GOAL OF THE EXERCISE
Under this line is a listing; return exactly the lines starting at the one with "Image of Beautiful" and running down to the one with "Proposed New Classrom", and leave out its pictures.

Top of TASK MATERIAL

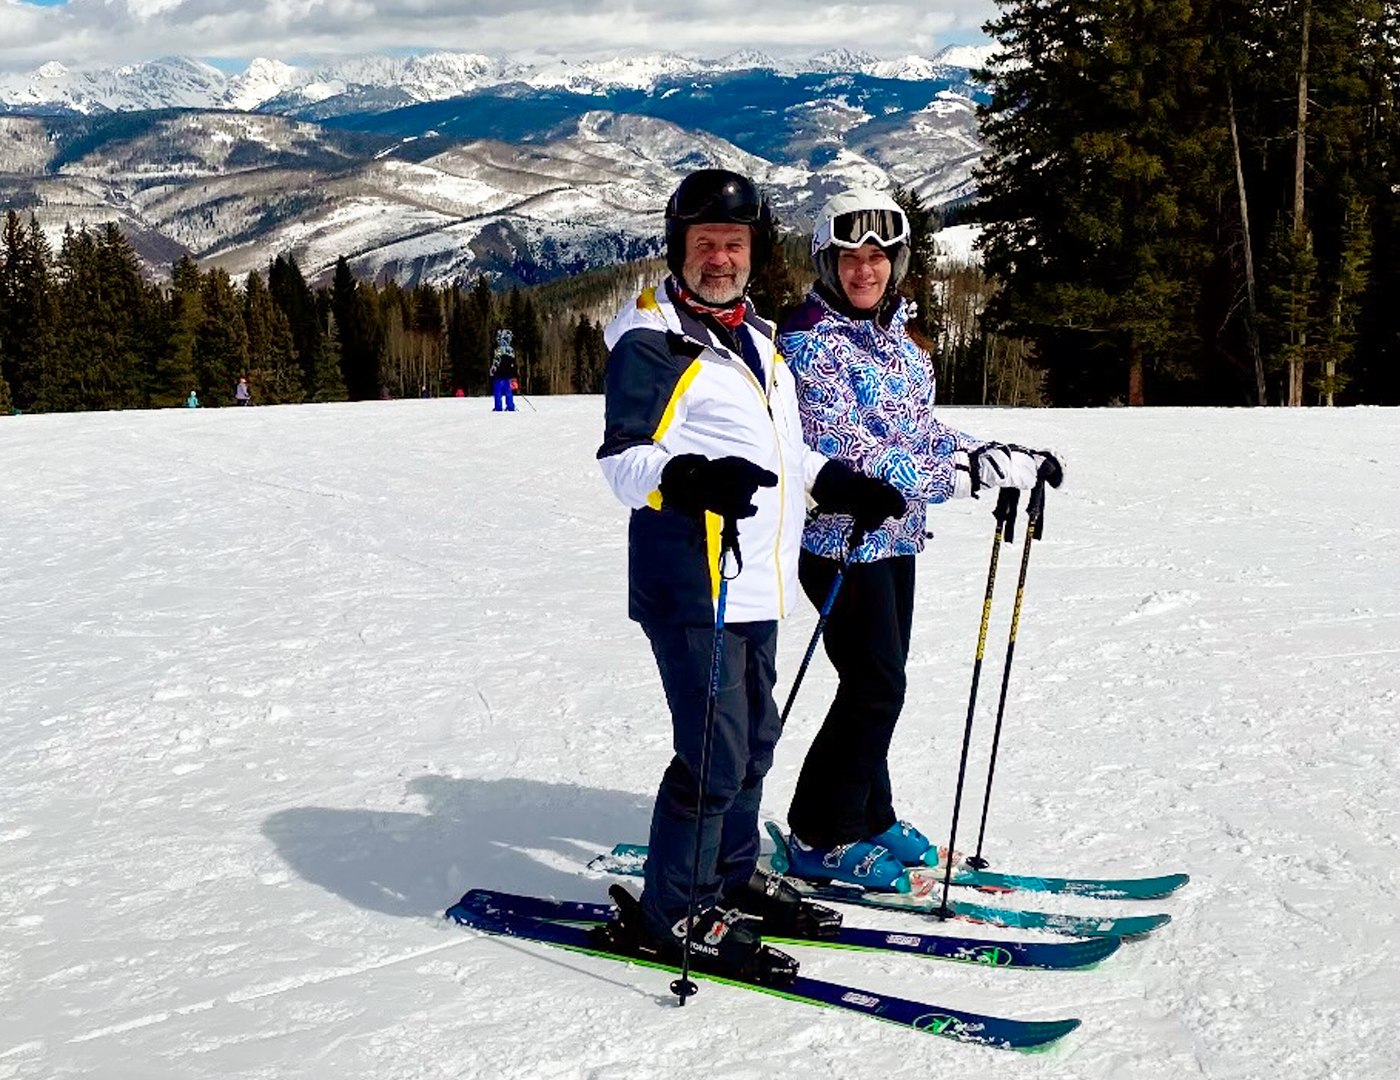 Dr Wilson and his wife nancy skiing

Bottom of TASK MATERIAL
Top of TASK MATERIAL

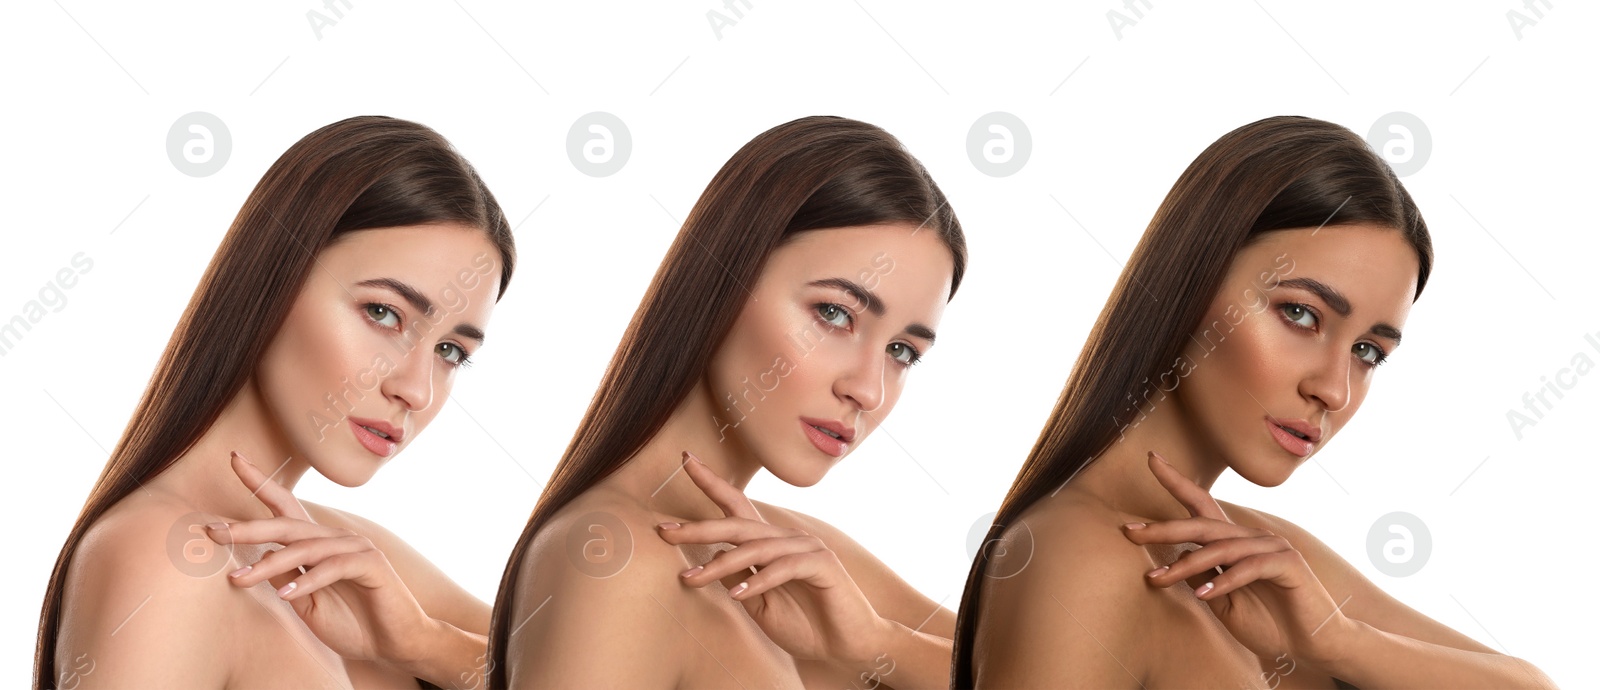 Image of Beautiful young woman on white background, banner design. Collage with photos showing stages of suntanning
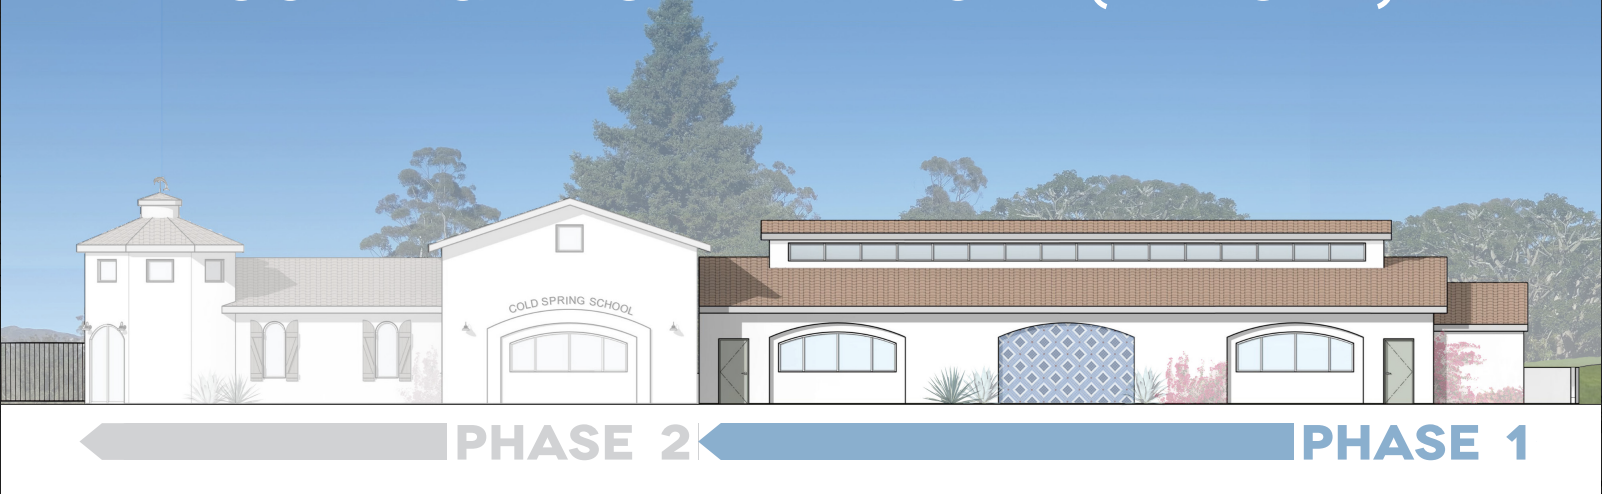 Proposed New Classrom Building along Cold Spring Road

Bottom of TASK MATERIAL
Top of TASK MATERIAL

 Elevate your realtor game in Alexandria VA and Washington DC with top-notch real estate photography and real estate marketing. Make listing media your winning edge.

Bottom of TASK MATERIAL

RESULT OF THIS TASK
 Image of Beautiful young woman on white background, banner design. Collage with photos showing stages of suntanning
 Proposed New Classrom Building along Cold Spring Road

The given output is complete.